(I had never heard of it before you asked, but I’ll try to answer anyway )
From wikipedia (a surprisingly good site for math definitions):
“Itō calculus, named after Kiyoshi Itō, treats mathematical operations on stochastic processes. Its most important concept is the Itō stochastic integral.”
So that may not be very helpful, but follow me a moment. What is meant by the word “Calculus” in Mathematics? The same as in ordinary language, that is, a system or method of calculation. I could say that long division is a calculus. People say that utilitarians perform an “ethical calculus” to make decisions. The college courses usually called calculus refer to the calculus of Reimann integrals, that is, how to do calculations on and with them.
Now, from what I can figure from the wikipedia page, Itō calculus is a system of calculation for stochastic processes. What are stochastic processes?
Again from wikipedia:
"In the mathematics of probability, a stochastic process or random process is a process that can be described by a probability distribution.

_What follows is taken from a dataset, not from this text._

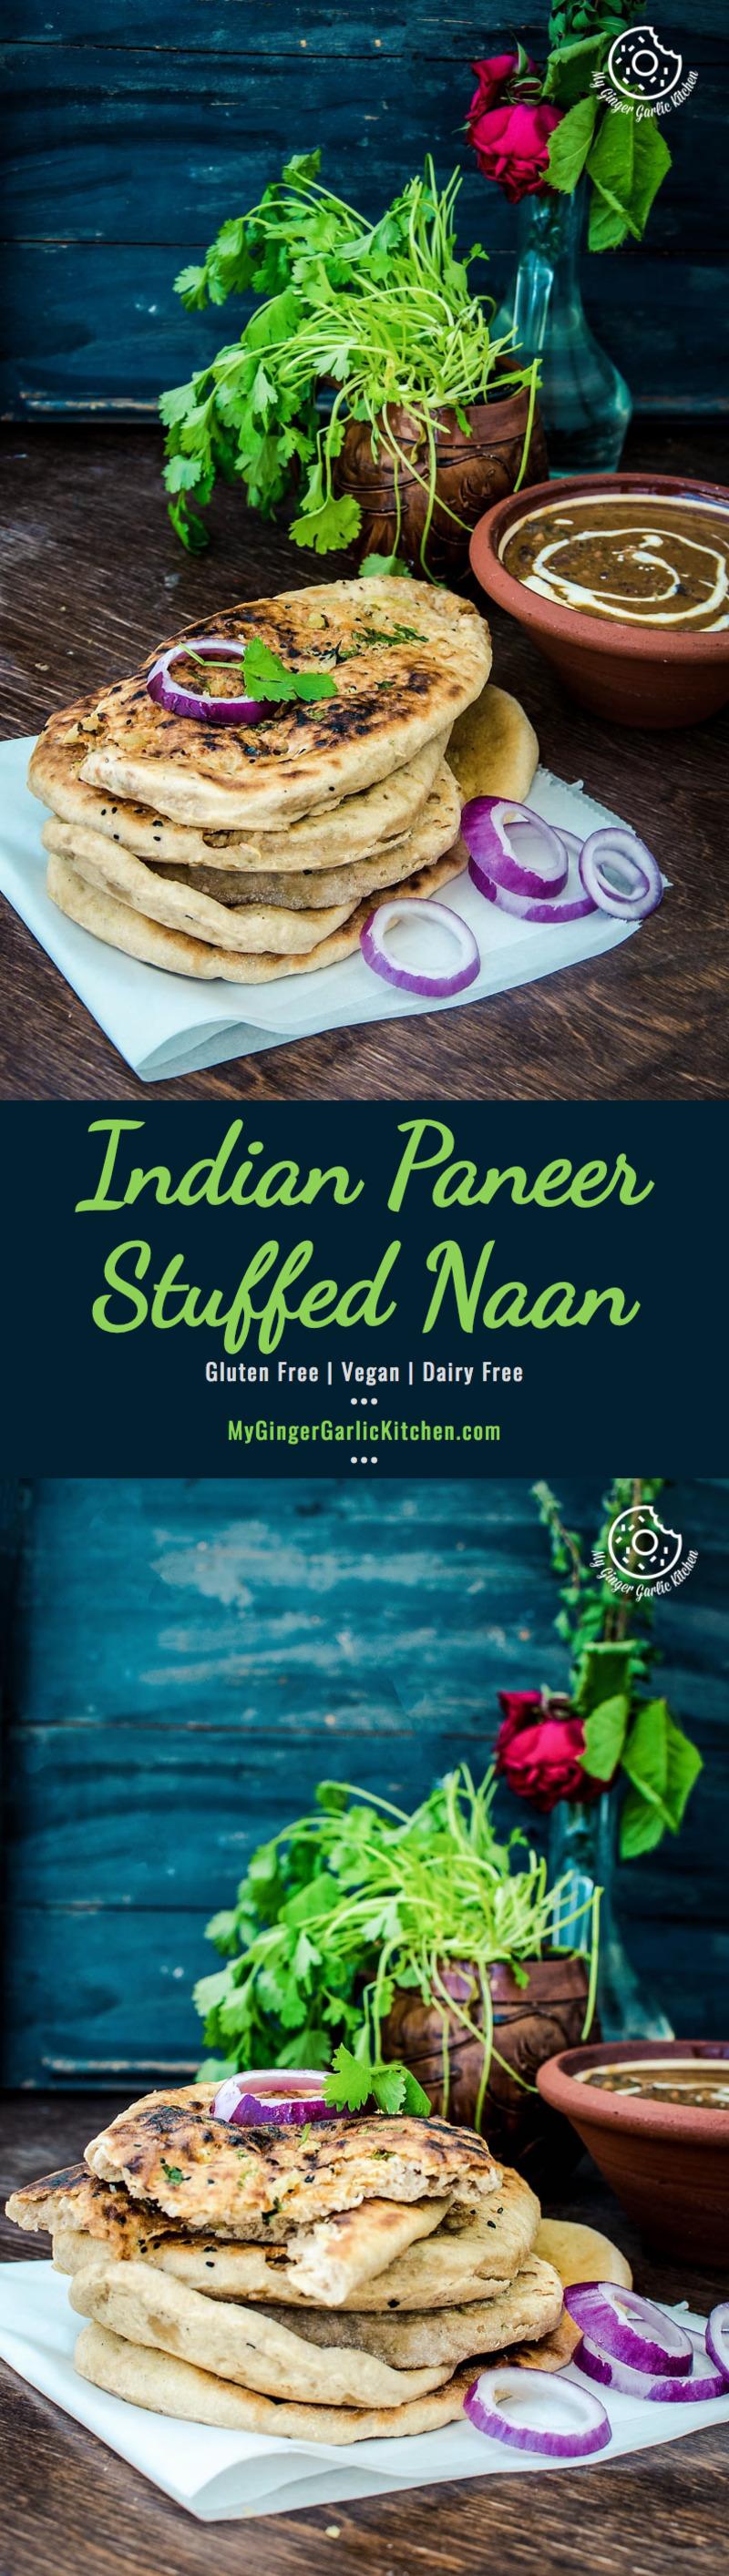 How To Make Indian Paneer Stuffed Naan   mygingergarlickitchen.com/ @anupama_dreams

The two most common types of stochastic processes are the time series, which has a time interval domain, and the random field, which has a domain over a region of space.
Familiar examples of processes modeled as stochastic time series include stock market and exchange rate fluctuations, signals such as speech, audio and video - medical data such as a patient’s EKG, EEG, blood pressure or temperature; and random movement such as Brownian motion or random walks. Examples of random fields include static images, random terrain (landscapes), or composition variations of an inhomogeneous material."
This seems to answer the “what is it used for”, no?